For that price, everyone should be getting a XXXL = more material


----------



## SteveD (6 May 2009)

Does anybody make any suitable recumbent clothing?, I've taken to using stuff designed for runners - at least it doesn't have big pockets on the back!

....great business opportunity for somebody to develop a range!

Just got back from a 35mile ride on the RatRacer SL, cruising at 30MPH on the Norwich Southern bypass.... great fun!


----------



## dataretriever (6 May 2009)

These guys do: http://www.reversegearinc.com/

I wear an Aldi cycling jacket with two sideways entry chest pockets. It has a rear pocket but it's unintrusive, perhaps it's good design, perhaps its the extra padding I carry....


----------



## TimP (7 May 2009)

There are a selection of 'bent clothing manufacturers. Most are in the states.

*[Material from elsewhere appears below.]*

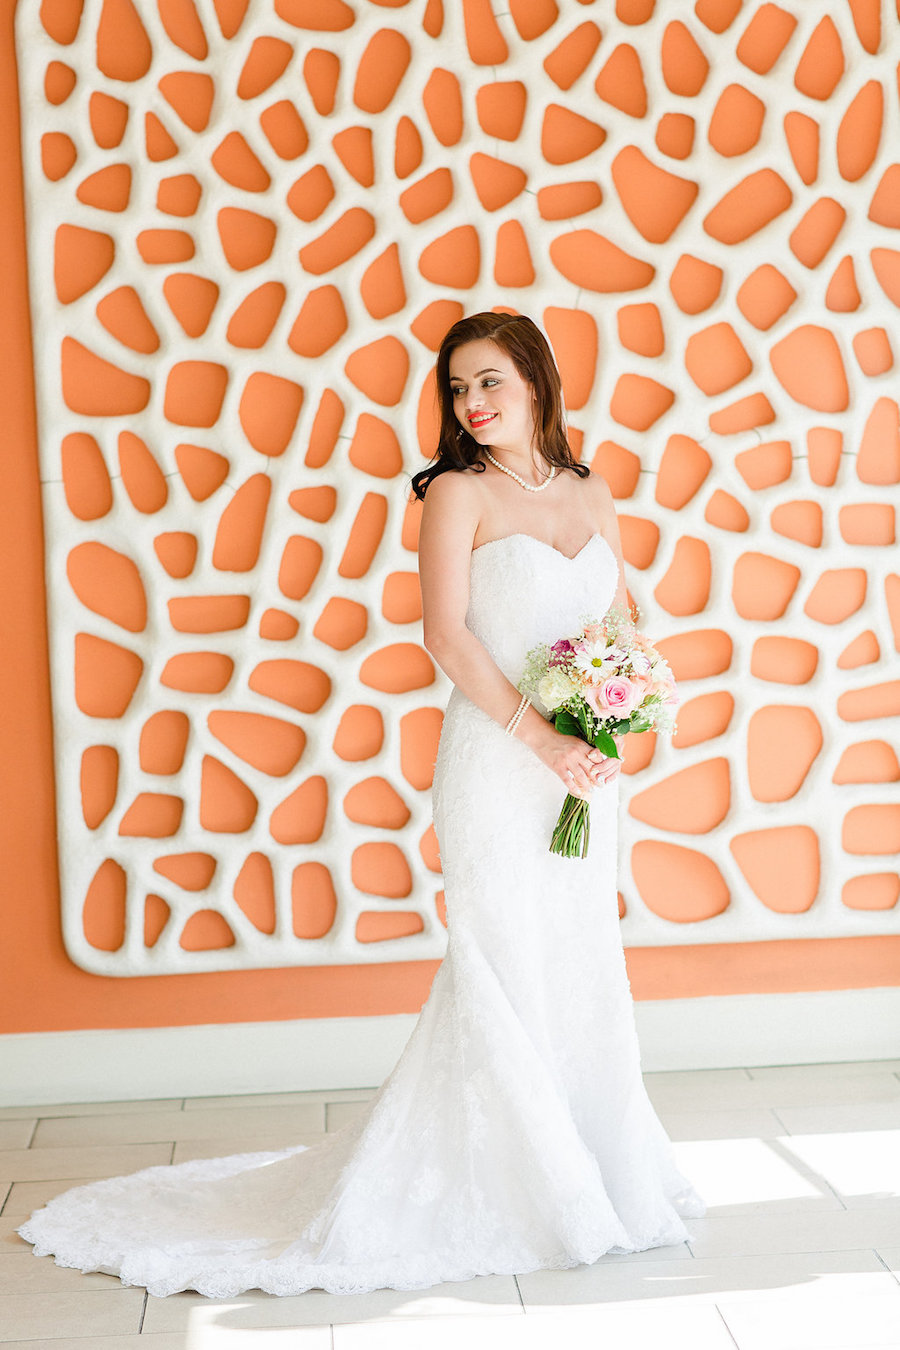 Outdoor, Bridal Wedding Portrait in White Strapless Demetrios Wedding Dress | Clearwater Beach Wedding Photographer Ailyn La Torre Photography

I can remember that there is an Italian one (can't remember who) and Optima (dutch) make some: www.recumbentparts.com in Europe.


----------



## TimP (7 May 2009)

squeaker said:


> ...think nipples...



Having seen the picture and where the overpriced wooden buttons are located I couldn't think of anything else.


----------



## Arch (7 May 2009)

TimP said:


> There are a selection of 'bent clothing manufacturers. Most are in the states.
> 
> I can remember that there is *an Italian one* (can't remember who) and Optima (dutch) make some: www.recumbentparts.com in Europe.



Slyway?


----------



## TimP (7 May 2009)

Could well be the one I was thinking of. Though why I failed to recall it when I'm currenty ogling some of their machines as a potential answer to the perennial n+ question. Though I don't think I'm going to be answering it for a while...


----------



## SteveD (25 Jun 2009)

finally ordered a short sleeve top from http://www.reversegearinc.com/

great service, arrived directly from the states in less than a week

plus reasonable cost considering the weakness of the pound

the shirt is great quality, the sizing is closer to european (I'm 6', 40" chest and 'large' is a nice snug fit) and most importantly, there's no bloody pockets on the back (they're on the front)!

Steve


----------